## DATA BLOCK
#####

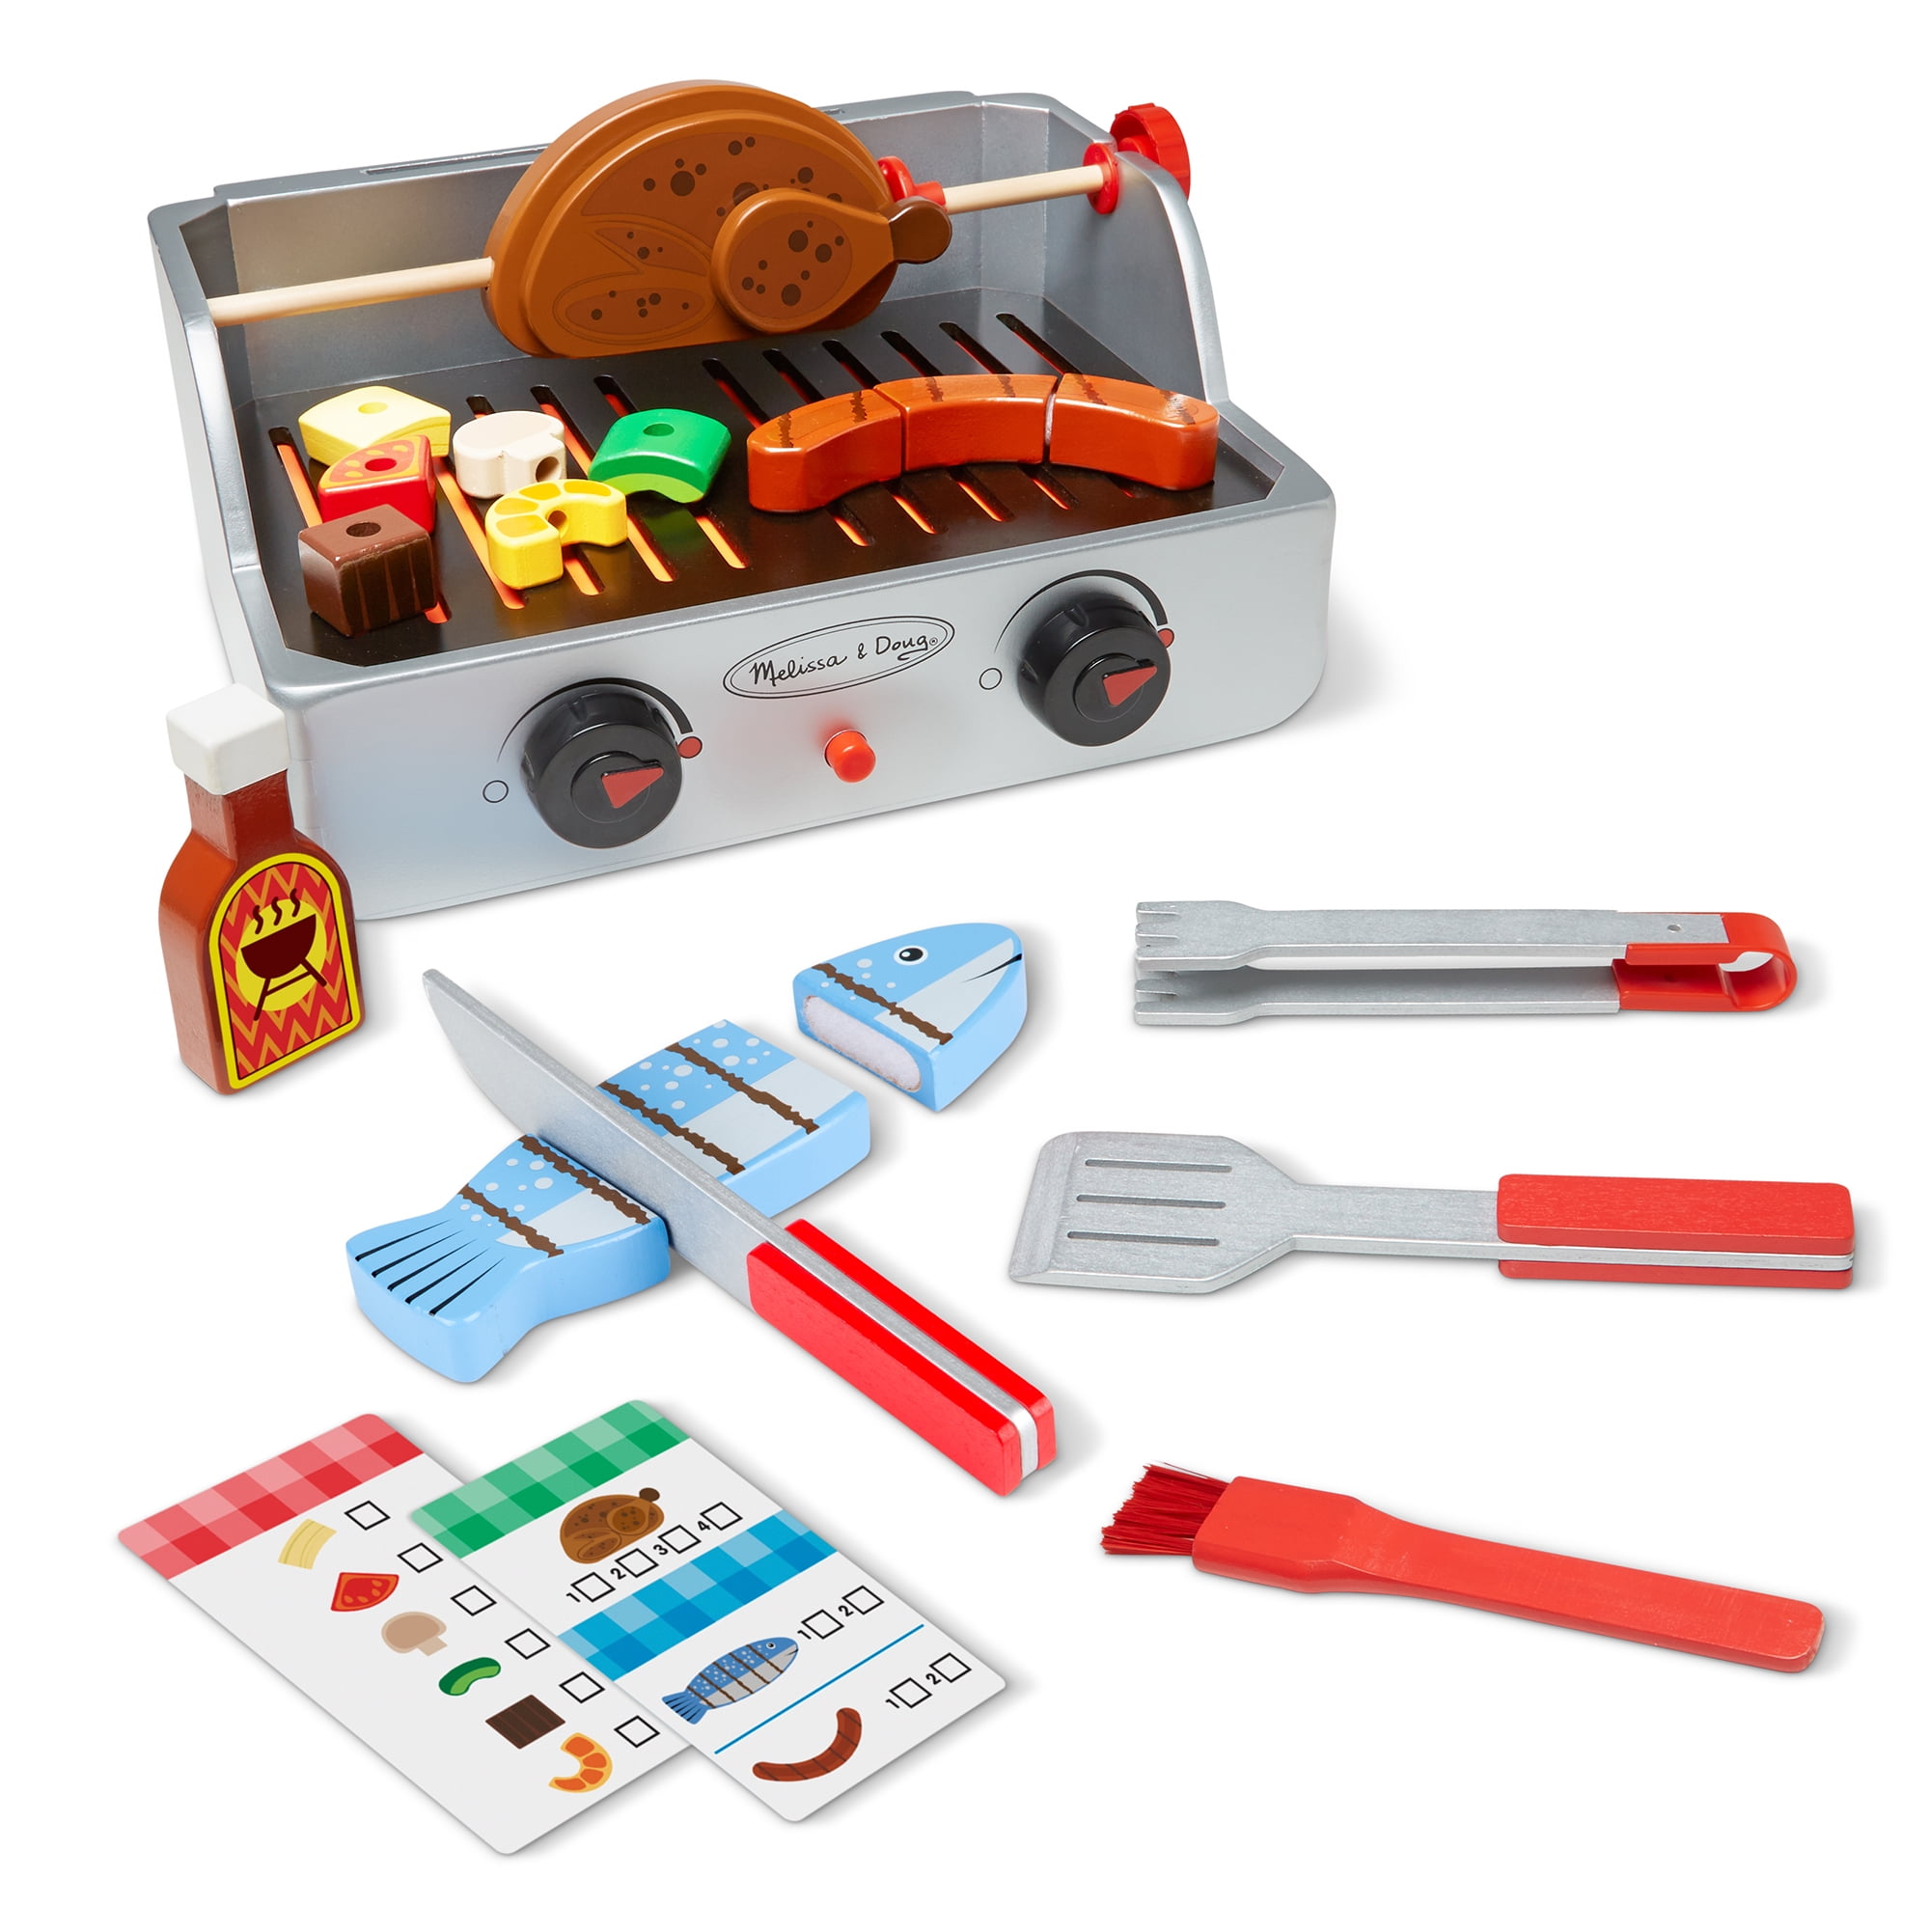 Kitchen Doctor Pet Shop BBQ Play Set Pretend Toy Game Tools Boy Girl Kid Gift UK 
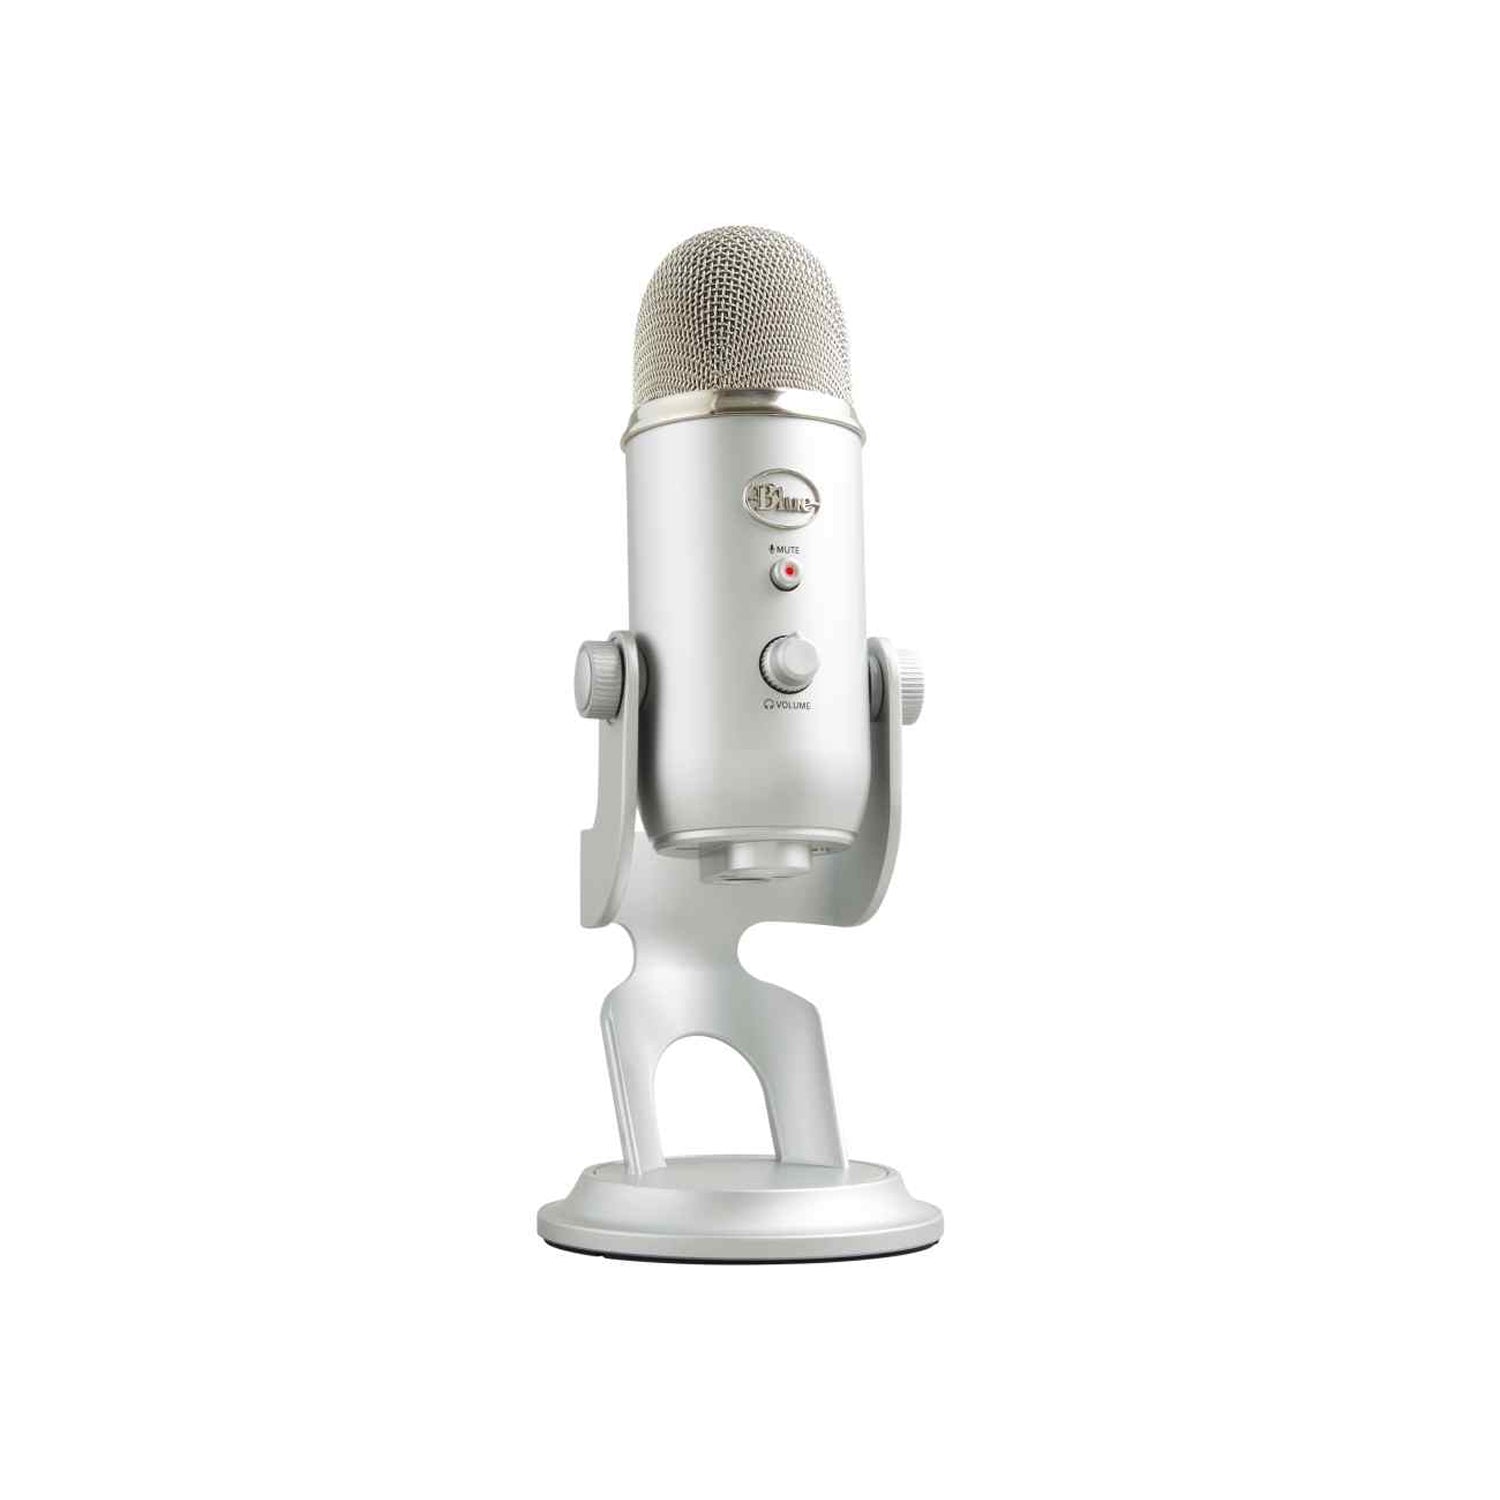 Logitech Blue Yeti Premium Multi-Pattern USB Microphone
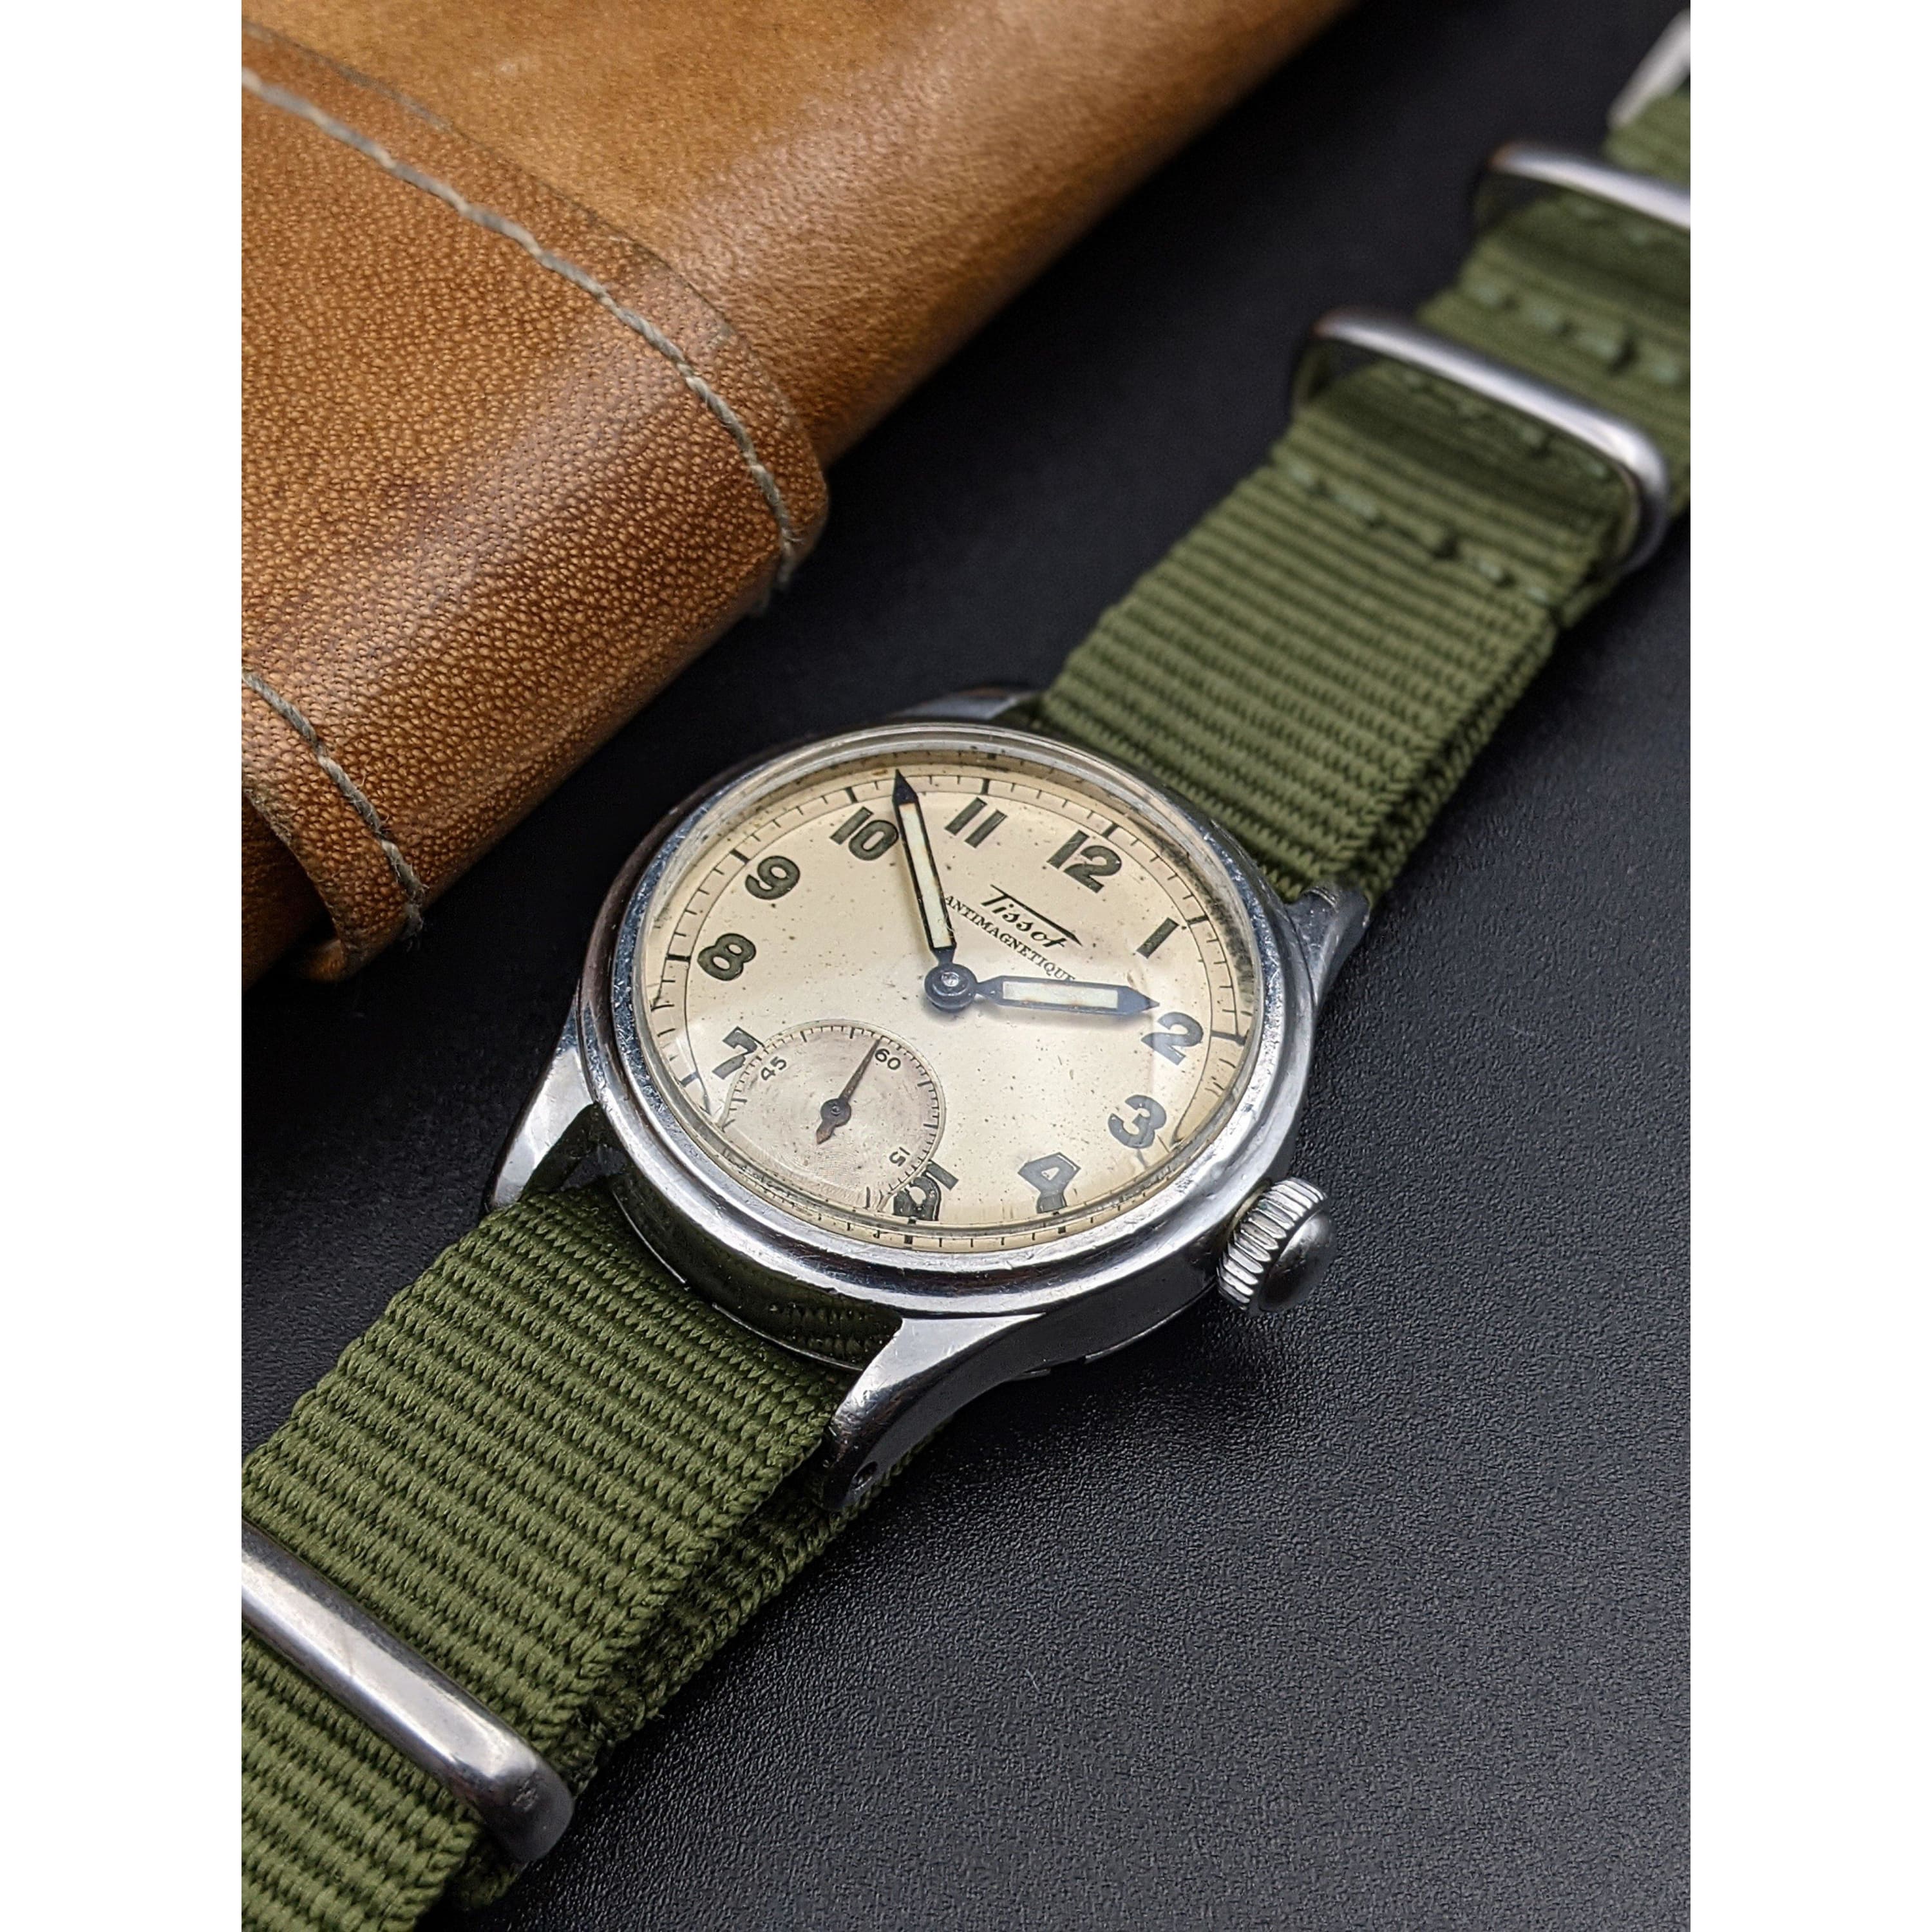 Rare Military Omega Watch - Swiss Premium Watch from 1940s – VintageDuMarko

#####

## WHAT THE TASK REQUIRES
Leave out the pictures and set down all of the data exactly.

## TASK ANSWER
 Kitchen Doctor Pet Shop BBQ Play Set Pretend Toy Game Tools Boy Girl Kid Gift UK 
 Logitech Blue Yeti Premium Multi-Pattern USB Microphone
 Rare Military Omega Watch - Swiss Premium Watch from 1940s – VintageDuMarko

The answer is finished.